TORONTO — Canada was not the best team on the ice until it mattered.
Down a goal with 3 minutes left, the high-powered Canadians kicked it up a notch and Team Europe simply couldn’t stop them.
Brad Marchand scored a short-handed goal with 43.1 seconds left after Patrice Bergeron tied it with 2:53 to go on a power play, lifting Canada to a 2-1 victory and the World Cup of Hockey title Thursday night.
“You can say anything you want about the game tonight, but we delivered,” Canada coach Mike Babcock said.
Sidney Crosby’s line with the Boston Bruins pair of Marchand and Bergeron dominated in the final minutes as the trio did throughout the two-week tournament.
“They’re addicted to winning and they just make it happen,” Babcock said.
The Canadians won the best-of-three finals 2-0.
They’ve won 16 straight games, including Olympic gold medals at the Sochi and Vancouver Games, since losing to the U.S. in the 2010 Olympics.
“It’s pretty special,” Crosby said. “It’s not easy to do and for a good chunk of us, a lot of us were there in Russia.”
Europe seemed as if it had a chance to score a go-ahead goal late when Drew Doughty was called for high-sticking with just under 2 minutes left, but Canada was the team that took advantage when Marchand got the puck into open space and beat Jaroslav Halak with a shot from the slot to win the first World Cup since 2004.
“It’s just crazy the way everything worked out,” said Crosby, selected the MVP of the tournament after scoring three goals and finishing with a World Cup-high 10 points. “When you get a penalty that late in the game, you’re just trying to force overtime.”
After Crosby got his latest personal reward, he was presented with a silver World Cup of Hockey trophy and skated with it around the ice just months after hosting the Stanley Cup for the second time in his career.
He set up the tying goal, passing the puck off the boards to Brent Burns, whose shot just inside the blue line was redirected by Bergeron’s raised stick.
“In the biggest moments, he turns it up,” Babcock said.
Carey Price made 32 saves for the Canadians, who started slow before ending the tournament with a furious rally that fired up a once-quiet crowd.
“It’s a tough loss because we were able to push them all the way to the limits,” Chara said.
In front of an unenthusiastic crowd and a lot of empty seats in the home of the Toronto Maple Leafs, the Canadians started flat and the Europeans made them pay for their apparent apathy.
Unlike the last two times Canada trailed briefly to the U.S. and Russia, it could not come back against Europe quickly.
It looked as if it wasn’t going to be Canada’s night when John Tavares had a wide-open net to shoot into, but hit the right post from the bottom of the right circle.
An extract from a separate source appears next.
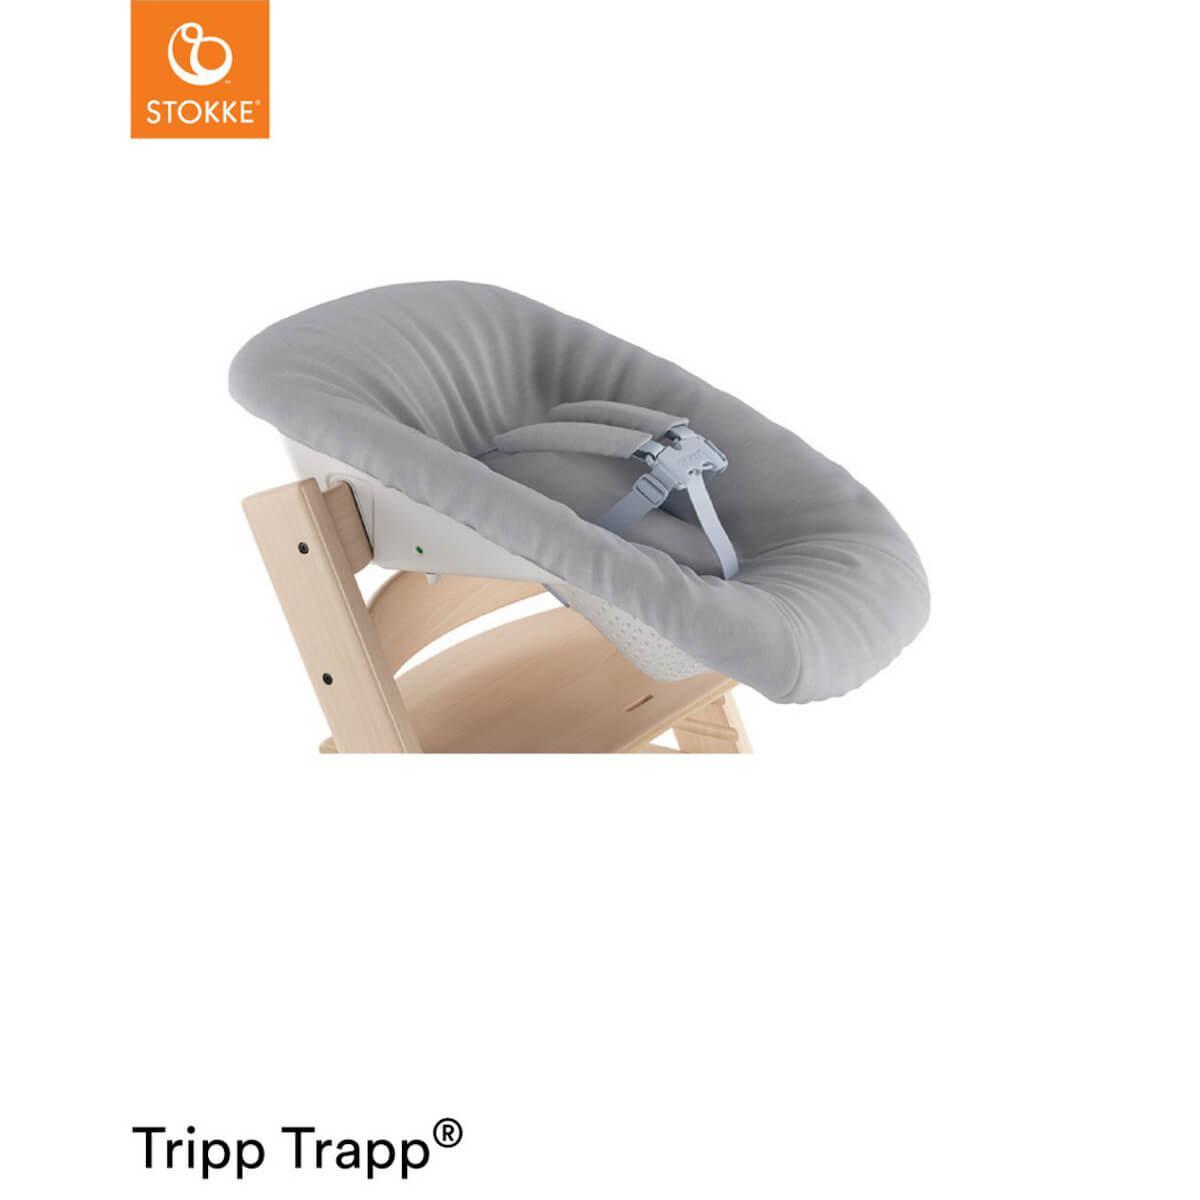 Newborn set TRIPP TRAPP Stokke gris

Earlier in the same shift, the New York Islanders forward missed the net on a one-timer opportunity.
Canada averaged 4.4 goals over the first five games of the tournament, giving Price plenty of support. It didn’t score as much in the final game of the tournament, but two goals were enough to win thanks to Price.
Europe outshot the Canadians 12-8 after the first period and 27-21 after the second before they closed well enough to finish with one more shot.
Canada had a man advantage again early in the third period, but only got one shot on Halak, a Slovak and Islanders standout, on the possibly pivotal power play.
Crosby had a chance to score with 7-plus minutes left, but Halak kicked the shot away with his right skate.
In the end, Halak could not keep the puck out of his net twice.
“The way it turned out at the end is very painful,” Europe coach Ralph Krueger said. “But you need to open eye to big picture and the journey. How we played was amazing. They played their hearts out. … We beat the odds and we turned this into a hell of final, which nobody expected.”